ESSLIN TERRIGHENA shares what research has taught us on self-harm.
What is self-harm?
Non-suicidal self-injury, more colloquially referred to as self-harm, can be defined as intentional direct damage, destruction, or alteration of own body tissue without suicidal intent. Such self-harm can occur in various contexts, including cultural rituals (e.g. transition to manhood), body modifications (e.g. piercings), political expression (e.g. self-immolation), or stereotypical injury associated with cognitive disabilities.
In talk therapy, self-harm is most associated with emotional distress. Methods can include cutting, scratching, and burning of skin, punching, or hitting self, deliberate starvation or dehydration, excessive exercise, breaking bones, engaging in risk-seeking behaviours, or provoking fights.
Who engages in self-harm?
Research indicates that around 1 out of 6 teenagers and college students report that they have engaged in at least one incident of self-harm. These numbers are much lower in children under the age of 10 years (1.3%), and adults over 25 years (5%).
Notably, while self-harm is frequently associated with girls and women, at least 35% of individuals engaging in self-harm are boys and men. However, there is a gender difference in methods used: while girls tend to cut or scratch, boys may rather partake in activities that create high risk for injury (e.g. dares, fights) or bruising.
The overall numbers suggest that self-harm occurs most frequently in adolescence and young adulthood, which coincides with a time of high emotional reactivity and often lack of healthy coping strategies.
Why do people self-harm?
Studies have identified avoidance of unwanted emotional experiences as the primary reason for self-harm. However, there is less agreement on how exactly this is achieved.

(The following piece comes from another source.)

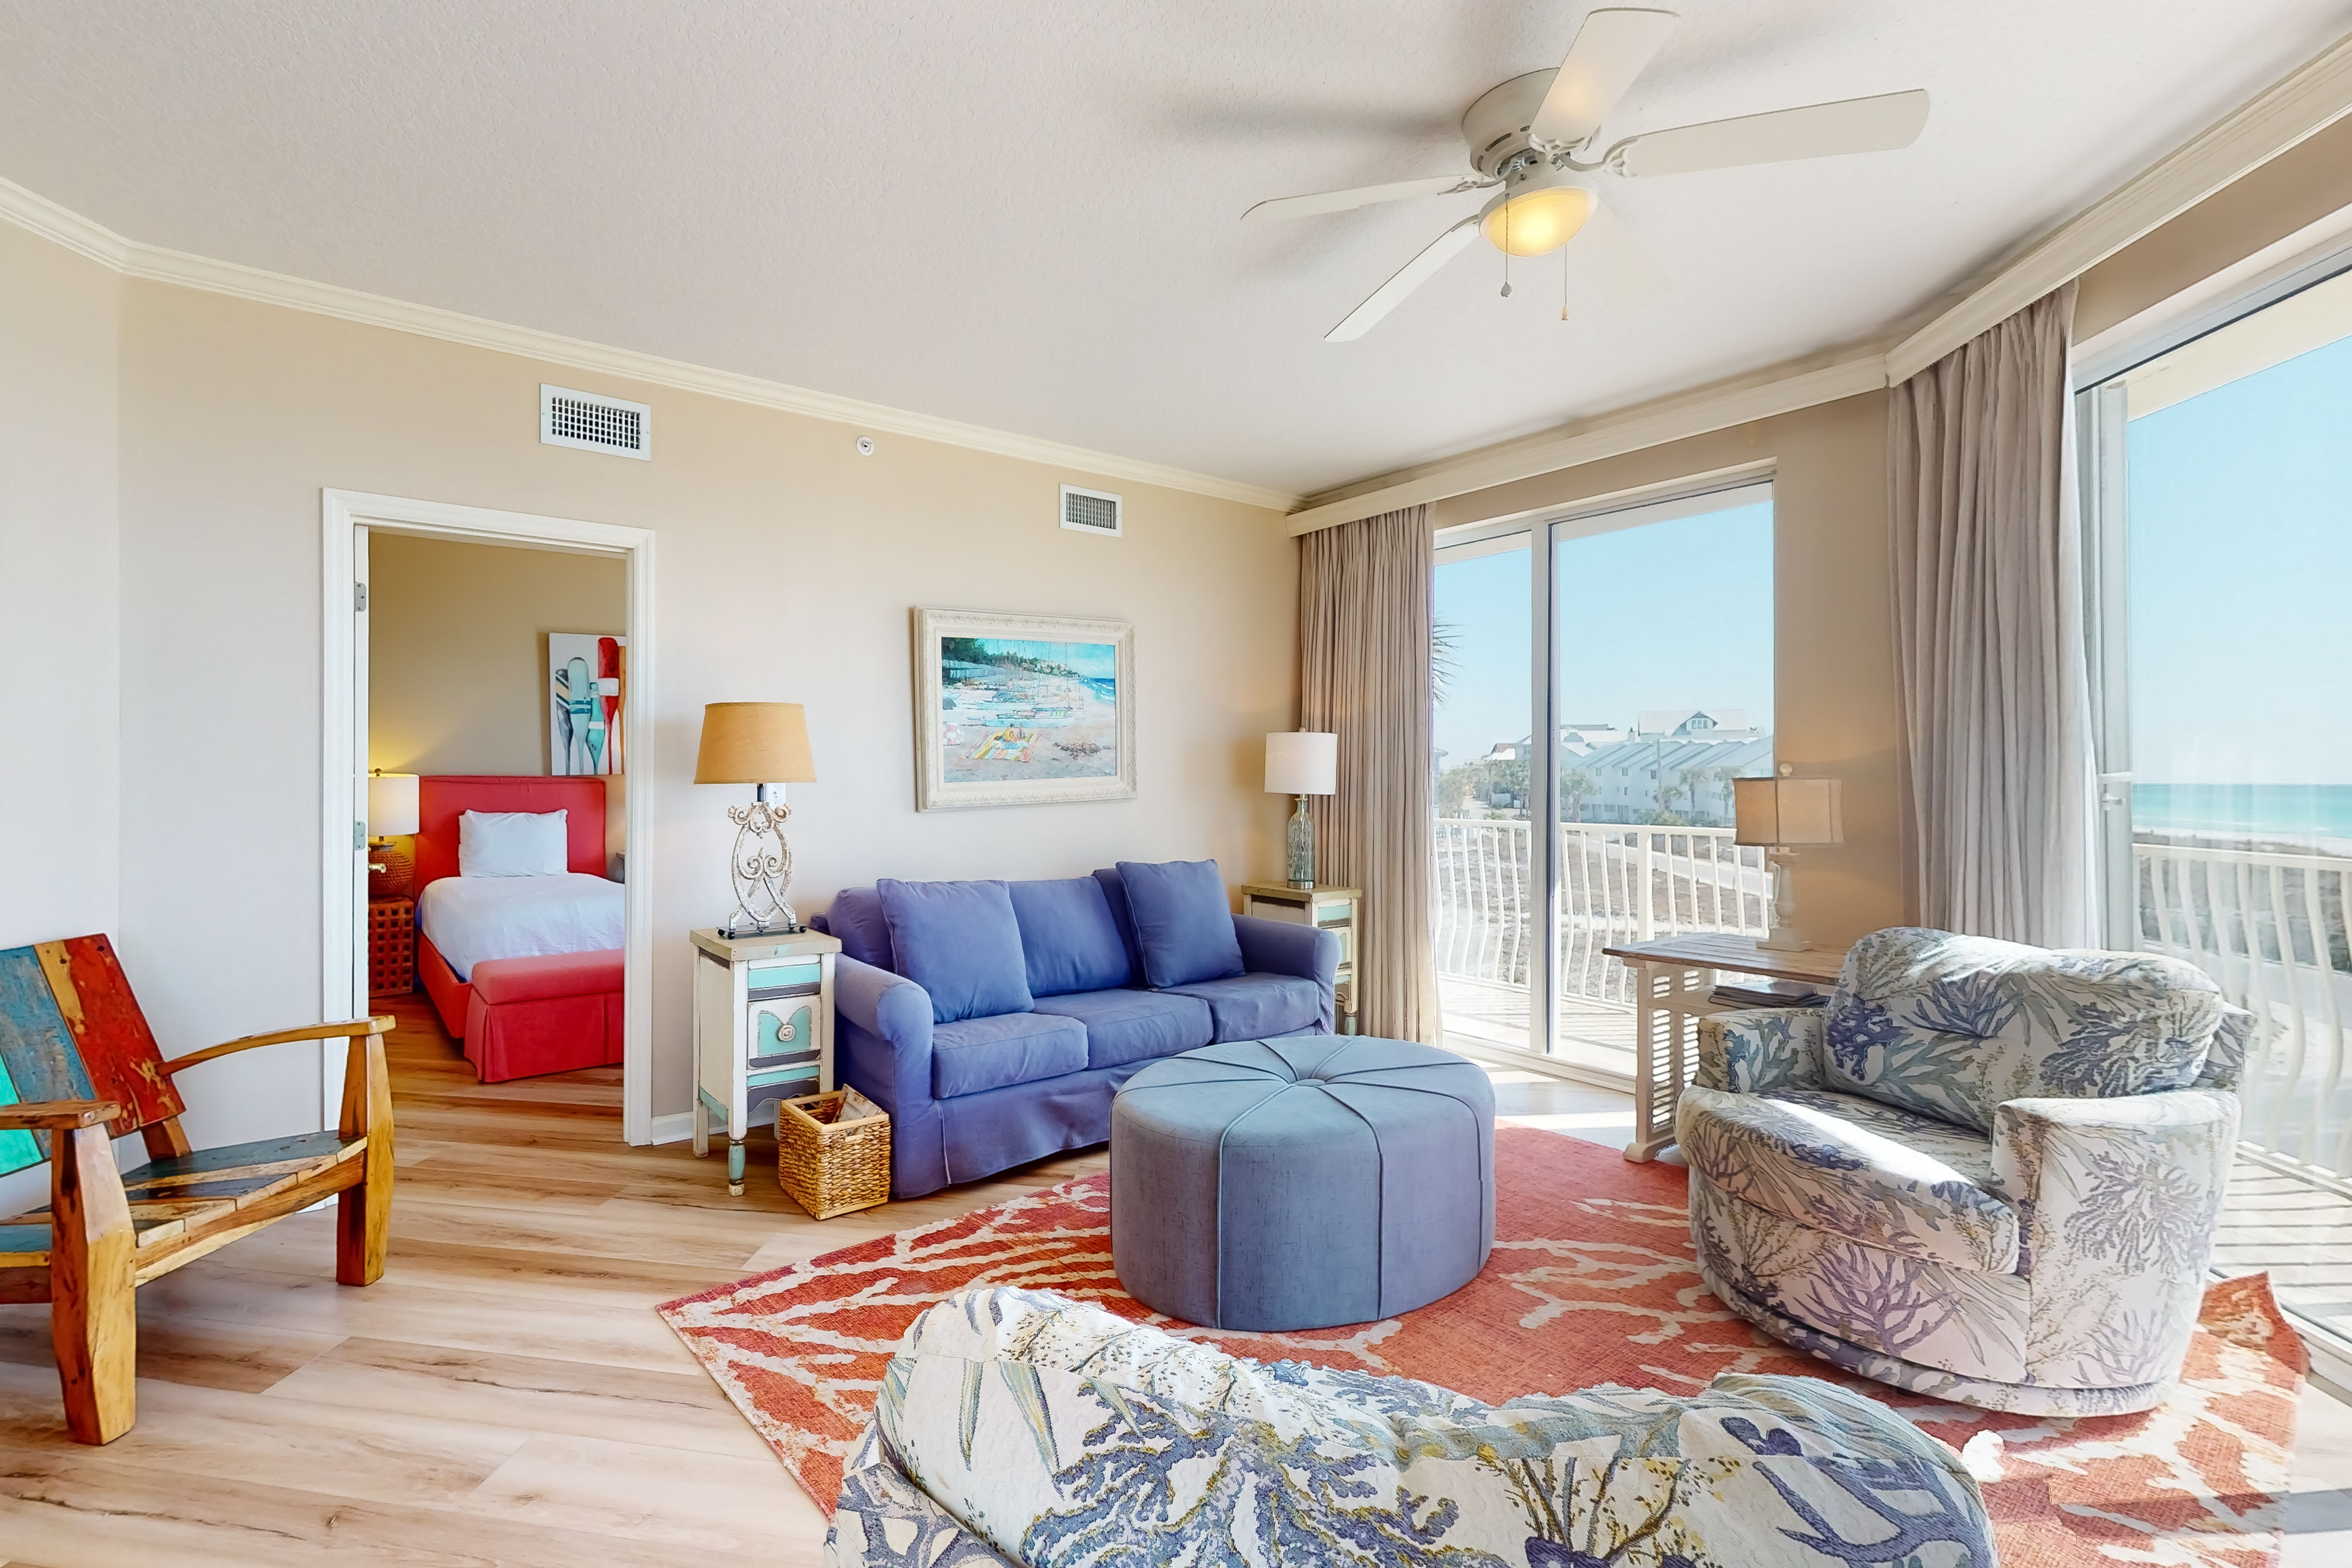 Dunes of Seagrove A209 Condo rental in Dunes of Seagrove in Highway 30-A Florida - #1

At first glance, hurting ourselves seems counter-intuitive to evolution, which is geared toward survival and should prevent us from engaging in anything that threatens this. Nonetheless, all of us can over-ride our instinctive withdrawal from pain if we think tolerating it has benefits. For example, we tolerate the pain of physiotherapy when we expect a positive outcome. Similarly, most of us have unhelpful coping mechanism we fall back on from time to time. For example, drinking a few glasses of wine to ease stress.
When individuals engage in self-harm, both mechanisms may contribute. Specifically, there may be an initial over-ride of withdrawal from pain which is reinforced by immediate emotional relief. Once the brain has made the association that self-harm leads to the desired outcome, the pattern becomes harder to break.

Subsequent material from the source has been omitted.